Virginia Trees for Clean Water Program from Virginia Department of Forestry
(Proposal from the Town of Washington and RappFLOW)

The Town of Washington and RappFLOW request grant funds of $3,493.00 to create and maintain a vegetative buffer of native trees, shrubs and forbs that will reduce water pollution, enhance the natural beauty of the site, and educate the public at a highly visible Town property.  This effort is part of a larger set of ecological improvement and educational projects on the Avon Hall property. The overall ecological goal is to improve natural ecosystems and thereby improve the water quality of the pond and its drainage into the Rush River, the upper Rappahannock River all in the Chesapeake Bay watershed.

The Avon Hall property is owned by the Town of Washington and the county of Rappahannock, Va.  The aerial photo below shows the watershed for the pond, and the adjacent land uses.  The outflow from the pond goes to a wetland downstream, and thence to a larger pond across Rt. 211.

The Avon Hall  grounds – about 20 acres – are public use areas for sewage treatment plant, watershed protection,  education, wildlife habitat, community events, and recreation.  RappFLOW and Old Rag Master Naturalists are converting mowed turf to native plants known for their butterfly and birdlife habitat.  Trails and a demonstration raingarden are under construction.

In 2008 RappFLOW conducted an analysis of a  pond on the property and determined that the pond was very polluted, primarily from the large goose population and acres of mowed turf on hillsides in the small watershed.  (We have obtained similar e coli readings in recent months.) Please see http://www.rappflow.org/projects/avon-hall/documents/avon-hall-pond.pdf  RappFLOW  recommended establishing a vegetative buffer and In 2012 the Town changed the mowing practices on the hillsides to promote better stormwater management.  The Town and RappFLOW received a grant through the Culpeper Soil and Water Conservation District  to convert  some mowed turf to native grasses and forbs.  Please see http://www.rappflow.org/projects/avon-hall/documents/Combined_AvonHall_Pond_Plan_RappFLOW2013.pdf for the detailed plan of work.   In the spring of 2013 the area was treated and seeded and this Spring it will be seeded with a native wildflower and grasses mix.  Some areas are difficult to seed because of springs draining into the pond.  Shrubs and water tolerant saplings will be planted at the edge of the pond.

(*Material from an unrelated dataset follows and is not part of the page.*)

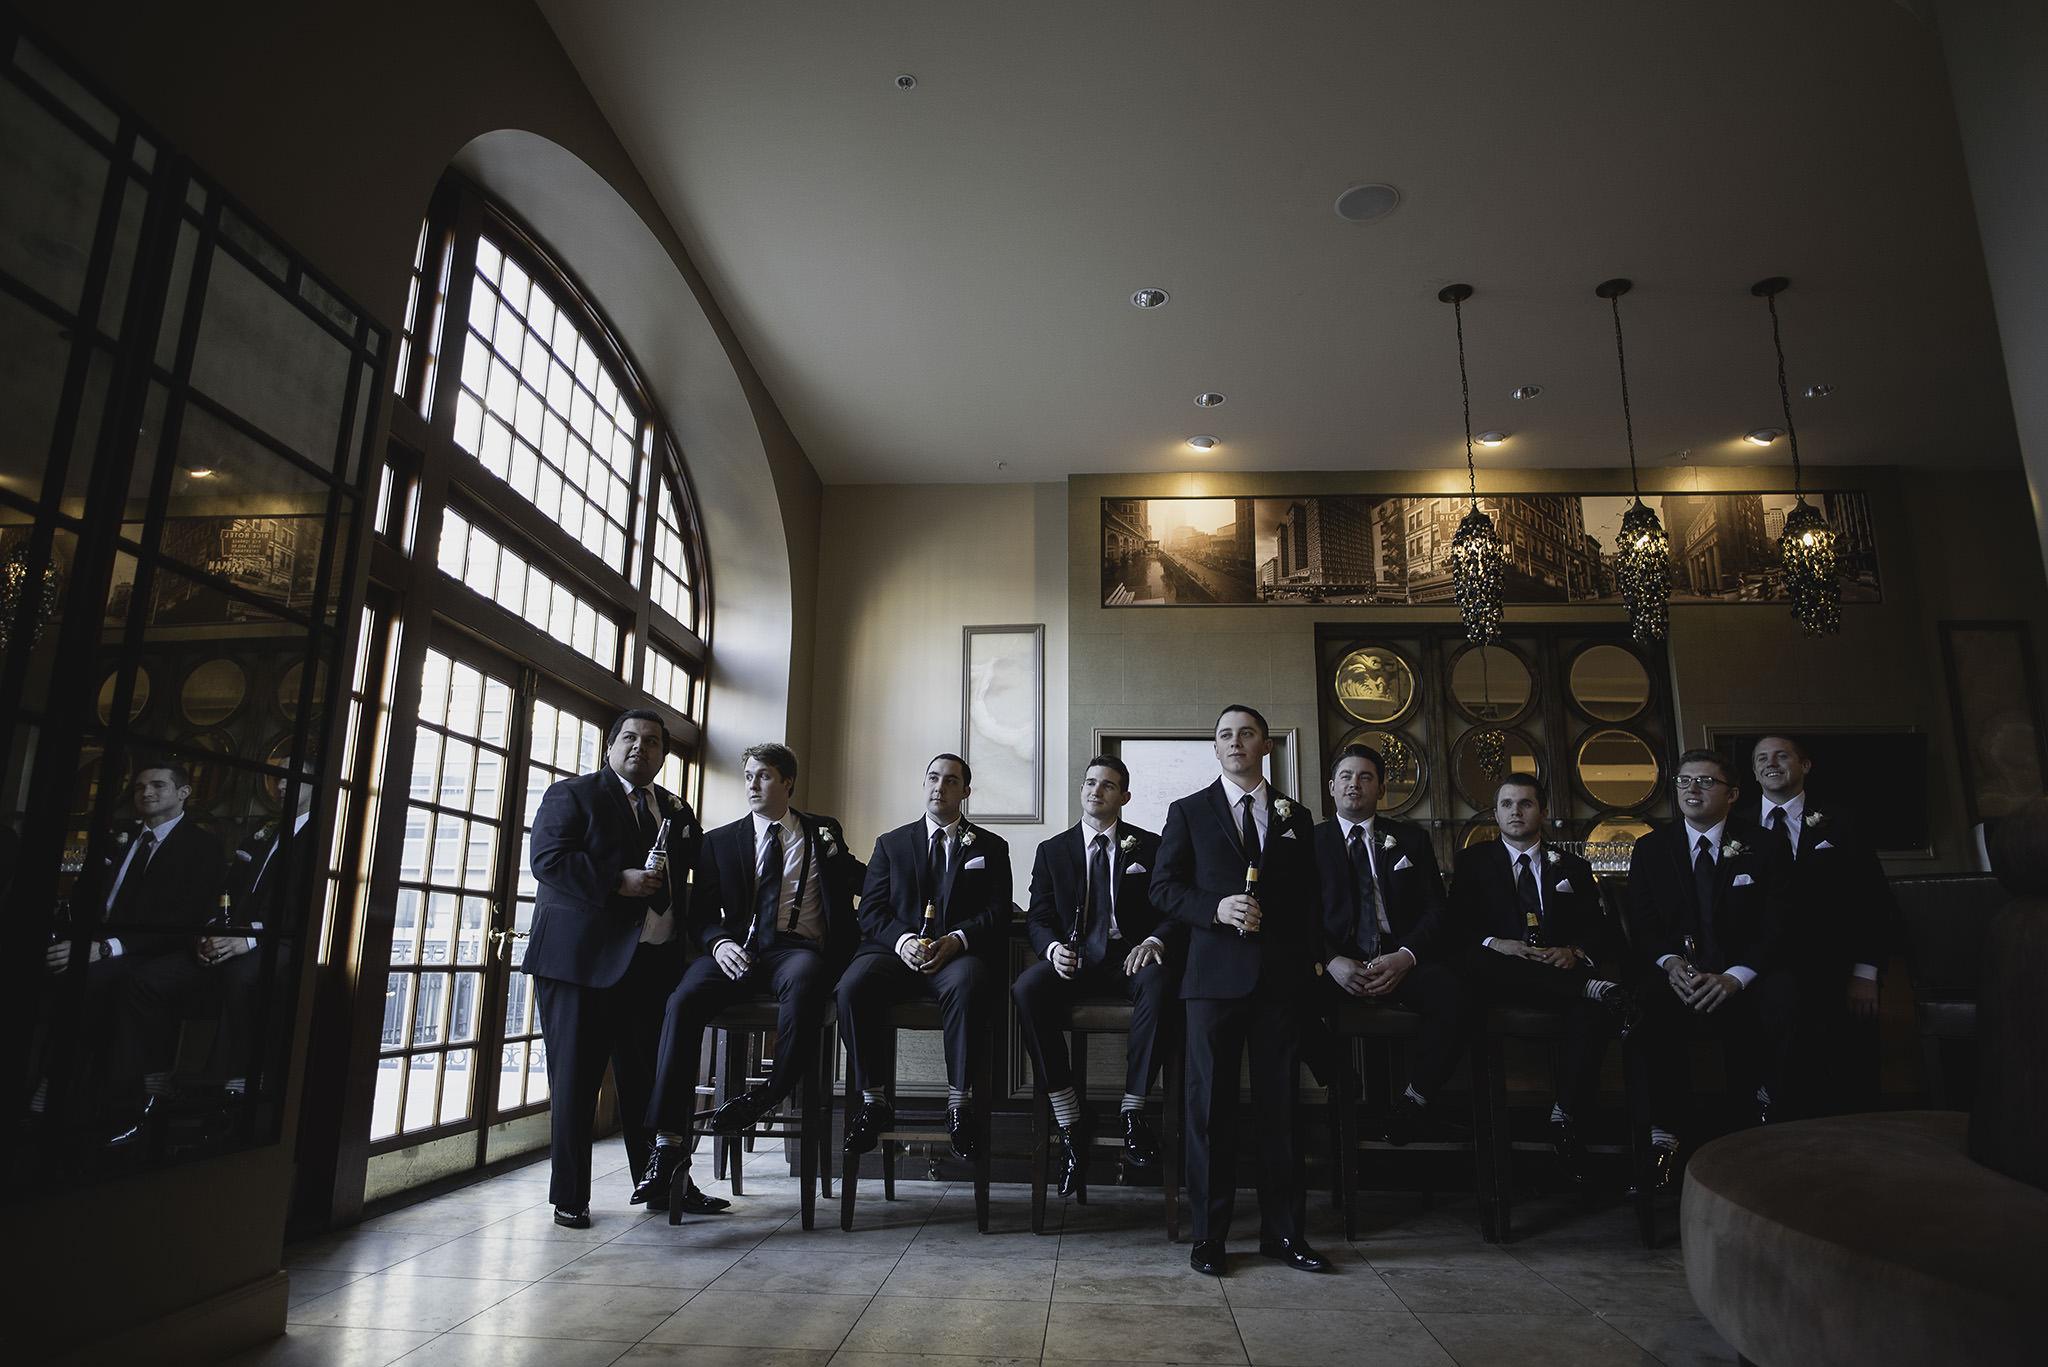 Claire-Travis-Classy-artistic-Downtown-Houston-Rice-ballroom-wedding-sm-006.jpg

The use of shrubs, grasses and forbes has been the theme of this buffer and landscape project.  The use of large trees is kept to a minimum because they would block important views from the road, County buildings, tourists and the mansion.  The historic landscape has been turf so the use of lower plants has been the approved theme.  This proposed project focuses on the pond dam where trees need to be avoided because of eventual root growth can cause weakening of the structure. 
Low shrubs such as buttonbush and silky dogwood saplings (from Va .Dept. of Forestry) will be planted in wet areas where will prosper and eventually produce a ground cover ideal as wildlife habitat with root structure to prevent erosion and the strong rays of the sun drying out the essential moisture.  This being public land with the goal of improving natural systems to improve the water quality of the pond and its drainage into the Rush River, the upper Rappahannock River all in the Chesapeake Bay watershed.

The pond dam plus small areas at both ends are proposed to be planted in a landscape concept using potted plants.  The area to be planted on the dam is 20’ by 200’.

The pond dam is very visible from Warren Ave. the main entrance to historic Washington, VA.  The  plants were selected (see landscape plan) to get immediate results in addition to their ecological functions.  The slope of mowed turf was treated last fall and is ready for soil preparation and planting this spring.  Also included are the areas at each end.  Trees were not recommended for the dam because of possible disruption of the dam’s integrity.   The landscape proposal includes 3,7and 15 gal. plants to be purchased from local native plant nurseries.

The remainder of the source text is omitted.